### Problem description
Repeat the data exactly, leaving out any image.

### Dataset section
- - -

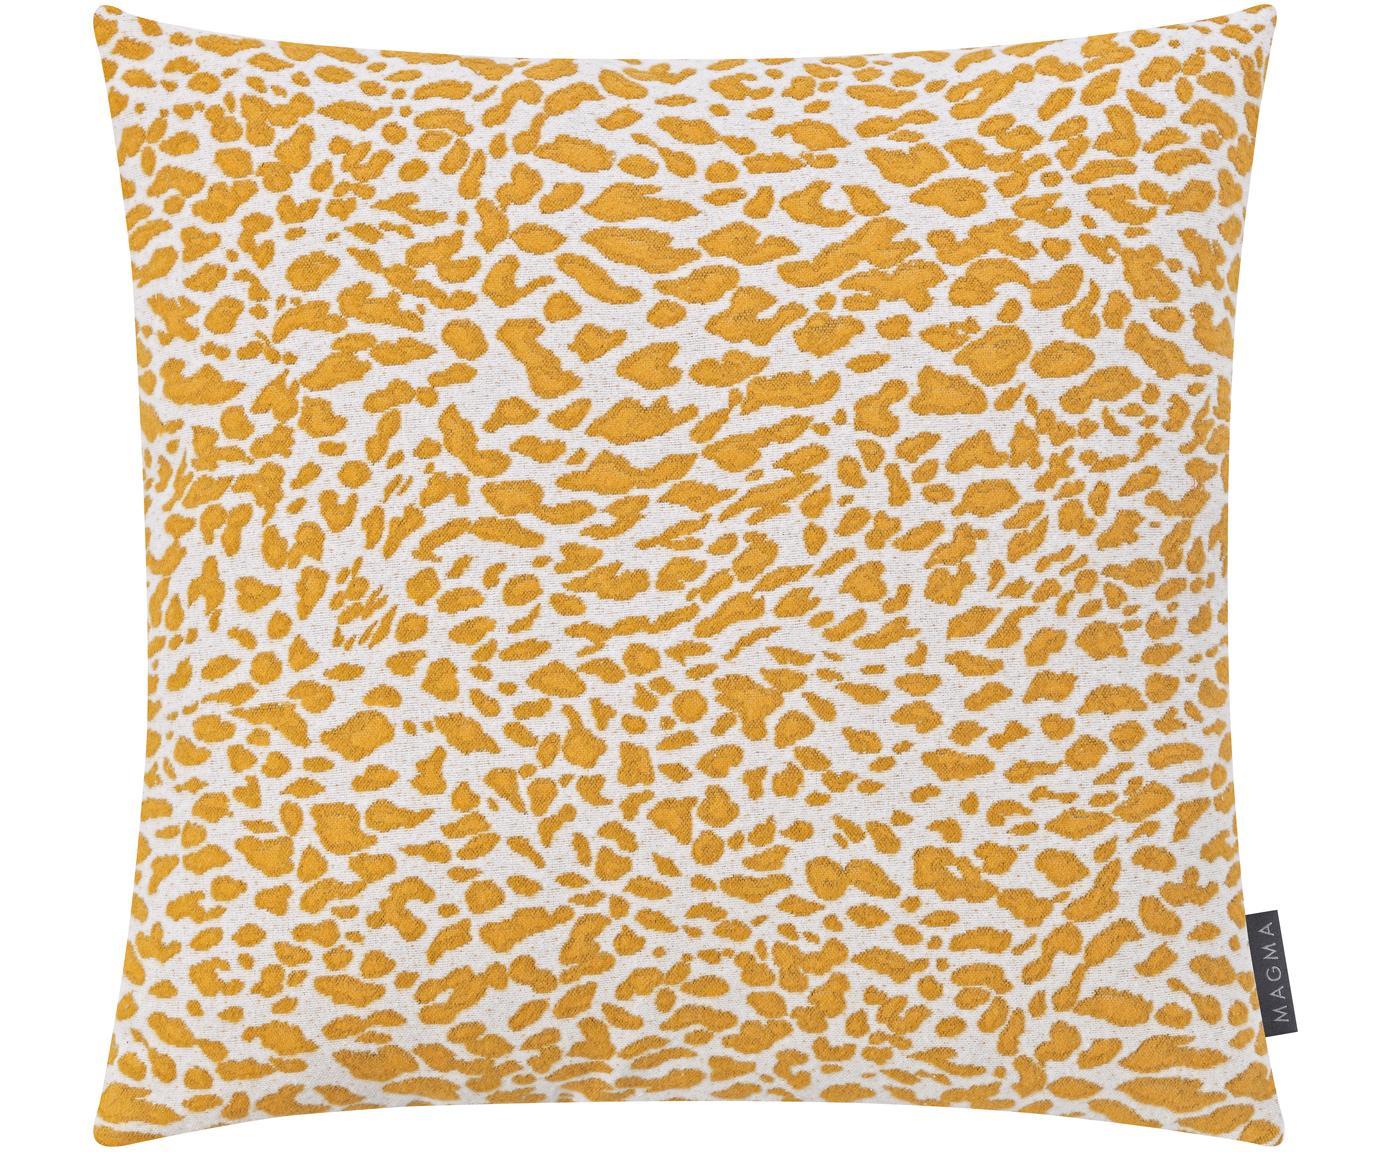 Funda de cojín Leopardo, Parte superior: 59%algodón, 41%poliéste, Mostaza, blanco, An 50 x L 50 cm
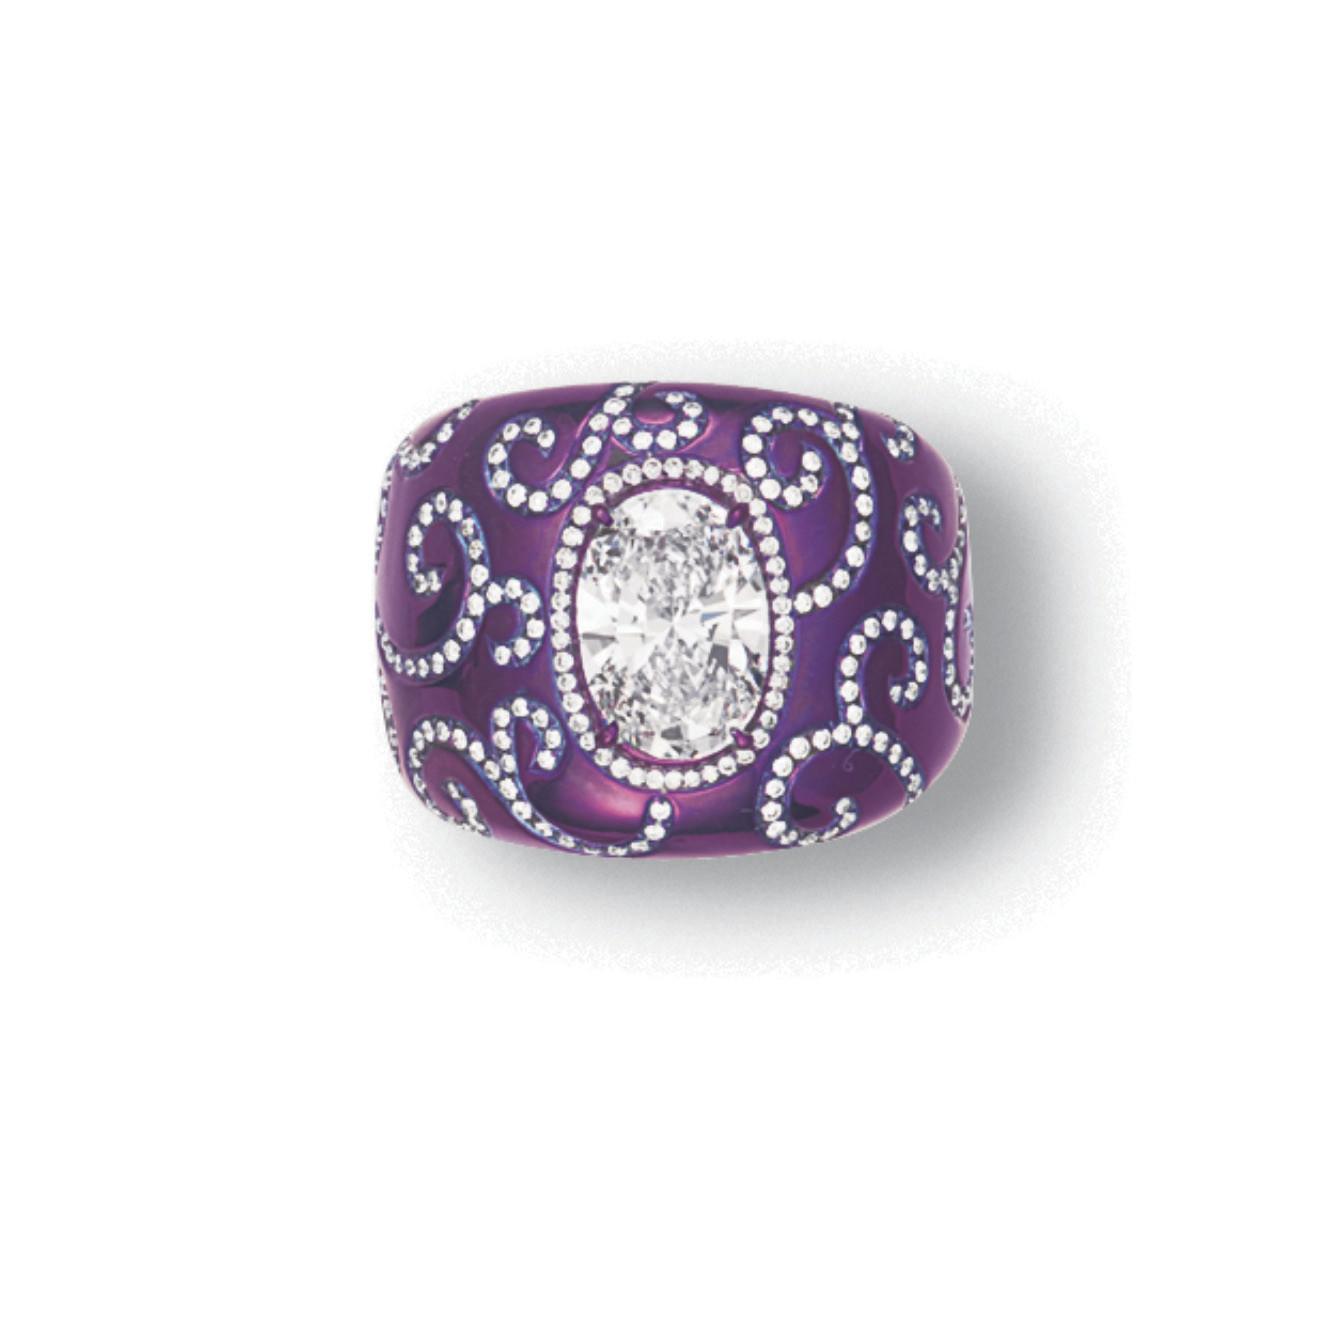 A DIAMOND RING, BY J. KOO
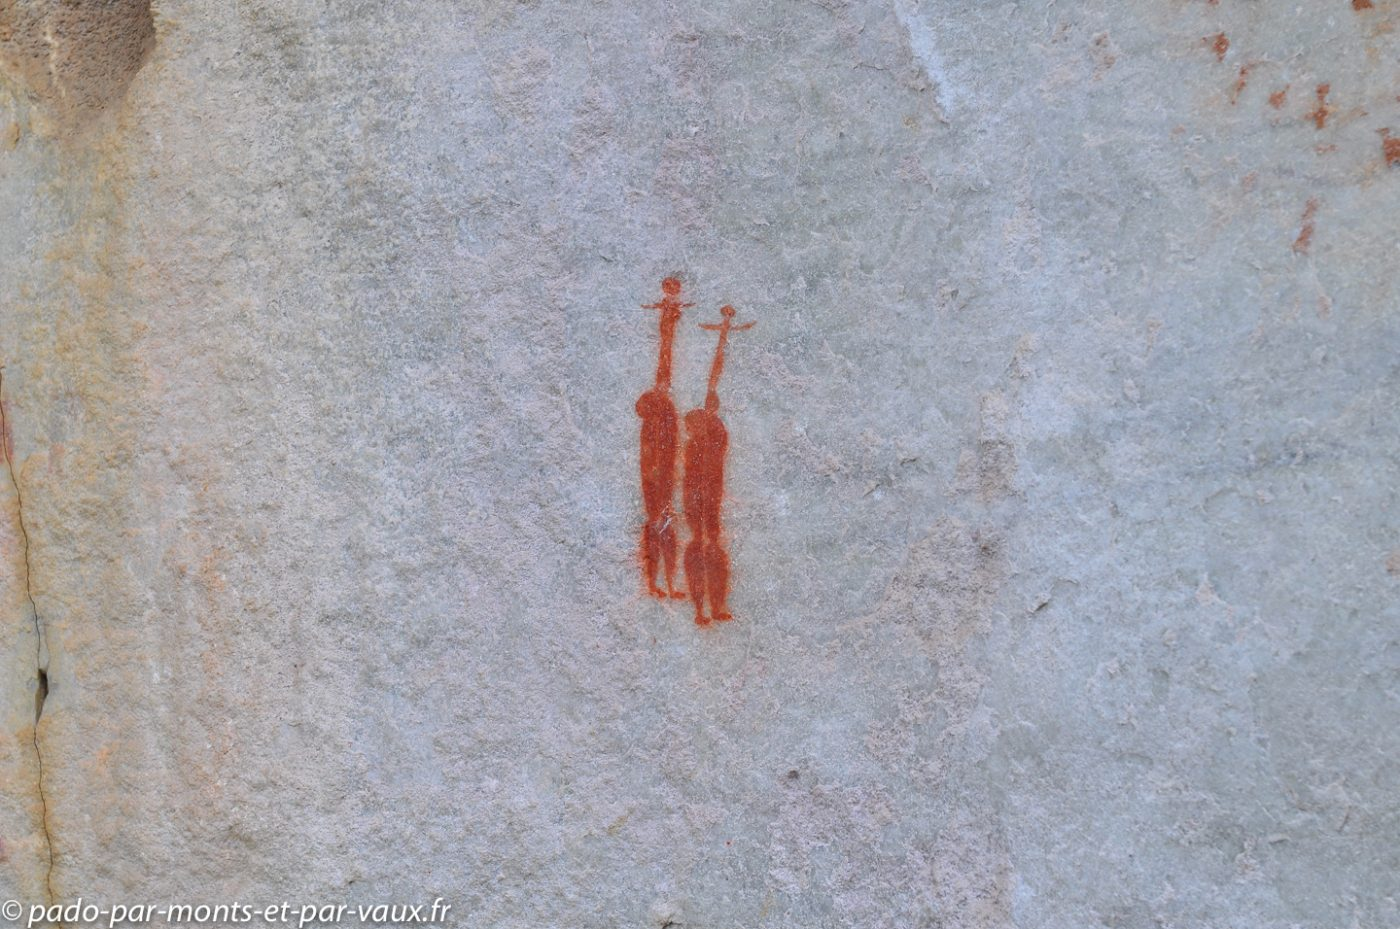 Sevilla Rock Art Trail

- - -

### Completed exercise
 Funda de cojín Leopardo, Parte superior: 59%algodón, 41%poliéste, Mostaza, blanco, An 50 x L 50 cm
 A DIAMOND RING, BY J. KOO
 Sevilla Rock Art Trail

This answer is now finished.